Commercial Real Estate & Advisory

Developer Of $3B Meadowlands Mall In Talks For Big Leases

By Kaitlin Ugolik | August 29, 2013

The developer of the $3 billion American Dream Meadowlands mall and amusement park in New Jersey is close to reaching a number of significant deals with anchor tenants, celebrity chefs and restaurateurs at the planned development, broker Michael Glanzberg of Sinvin Real Estate said Wednesday.

News of the leases, which are expected to rival in size many of Manhattan’s largest retail spaces, comes just weeks after Triple Five took full control of the Meadowlands property from the lenders of a previous developer who abandoned the unfinished project.

Glanzberg, whose firm has been tapped to help secure leases for the nearly 3-million-square-foot development, declined to share with Law360 the names of the potential new tenants Wednesday, but Sinvin has posted several articles on its website that suggest Uniqlo Co. Ltd., Topshop, Forever 21, and Zara are among them.

“I can only confirm that Sinvin, along with Triple Five’s internal leasing staff and [Triple Five President] Don Ghermezian personally have reached deals with junior anchors, major celebrity chefs and restaurateurs for large-scale concepts, as well as a range of unique luxury brands that will offer a range of shopping and experience that will be … dynamic and immersive and cutting-edge,” Glanzberg said.

Zara and Forever 21 will reportedly be two of the large-scale luxury brands to take space at the hulking development, with Zara taking about 50,000 square feet — one of the store’s largest locations in the world — and Forever 21 taking space that will be about as big, if not bigger, than its 100,000-square-foot store in Times Square, sources told Crains and Real Estate Weekly.

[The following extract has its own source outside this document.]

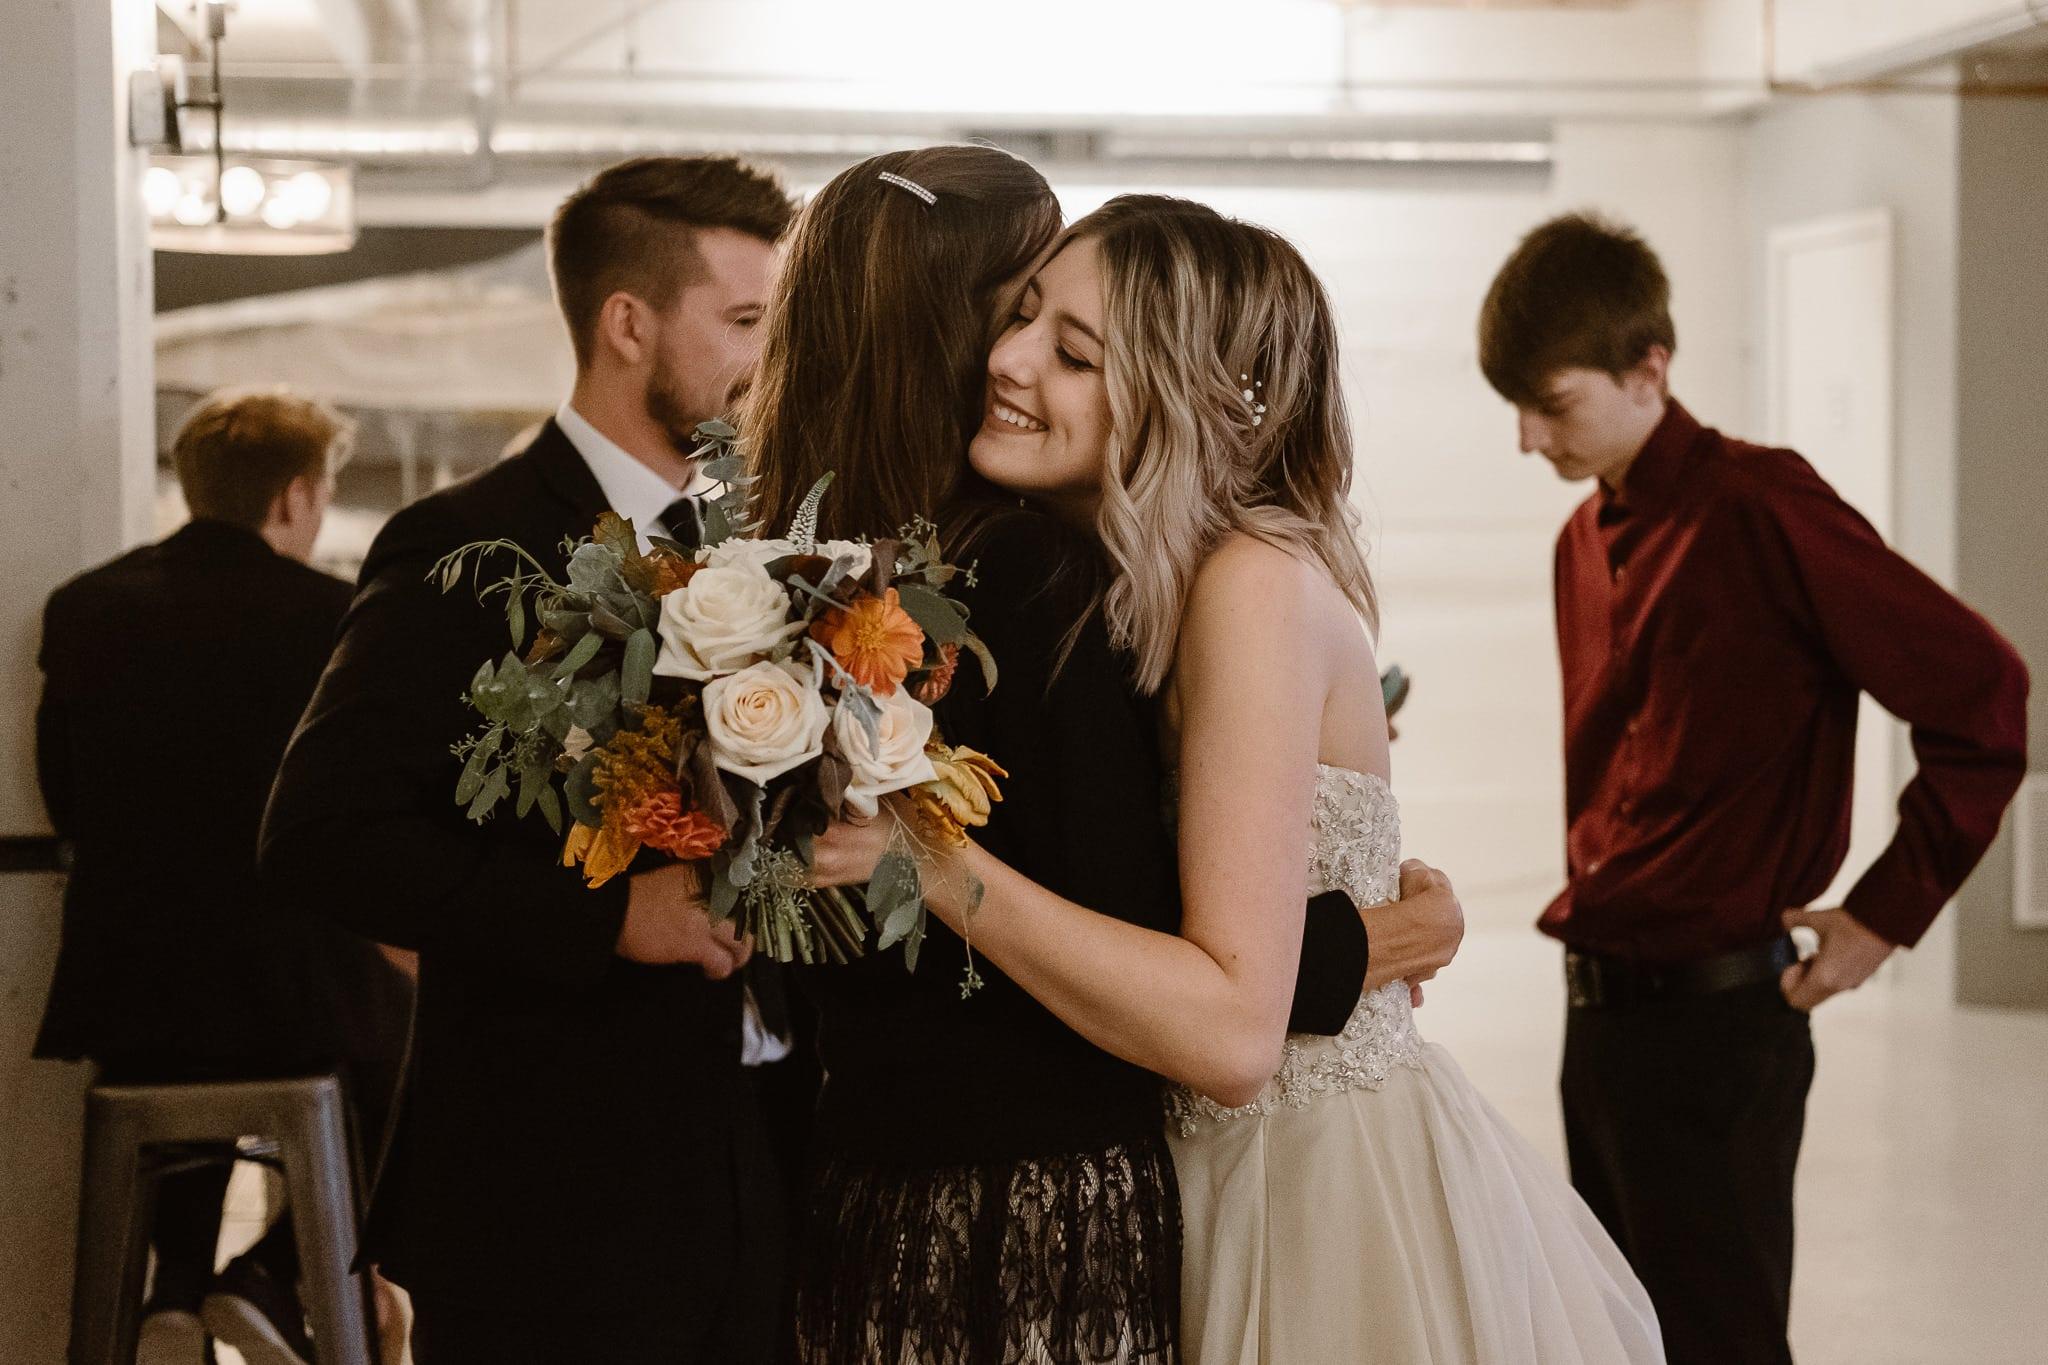 St Vrain Wedding Photographer | Longmont Wedding Photographer | Colorado Winter Wedding Photographer, Colorado industrial chic wedding ceremony, cocktail hour photos

The finished product, though details remain unclear, will not be a “one-dimensional experience,” Glanzberg told Law360.

“It will be shopping as excursion and discovery, a progression of a customer’s experience from skiing in summer to waveboarding in winter to experiencing their beloved brands with a level of physicality and technological interaction that quite simply will set American Dream in a league of its own,” he said.

Earlier this month, Triple Five formally took control of the one-time Xanadu property after months of negotiation, moving the project one step closer to beginning construction, though the company has yet to designate a specific start date.

“It lets us move ahead with financing; it lets us move ahead to sign leases,” Triple Five spokesman Alan Marcus told Law360 at the time.

Now that several leases are on their way to being signed, another hurdle remains: an ongoing lawsuit over the project brought by the New York Giants and Jets.

On Tuesday, a New Jersey judge refused to dismiss the state court lawsuit, ruling that the New Jersey Sports and Exposition Authority couldn’t decide whether it breached a 2006 agreement requiring the teams’ consent if a change of plans to the Meadowlands site would adversely affect their rights involving nearby MetLife Stadium.

The teams in May accused the NJSEA of breaching the cooperation agreement and Triple Five of interference, but the defendants shot back with a dismissal request, arguing that the matter belonged in appellate court as a challenge to the final decision of a state agency. However, Bergen County Chancery Judge Peter Doyne stressed Tuesday that a party can’t determine whether it breached its own contract.

Judge Doyne on Monday encouraged the parties to try to settle the dispute in mediation. If they can’t, he said the court hopes to resolve within one year of the case’s filing.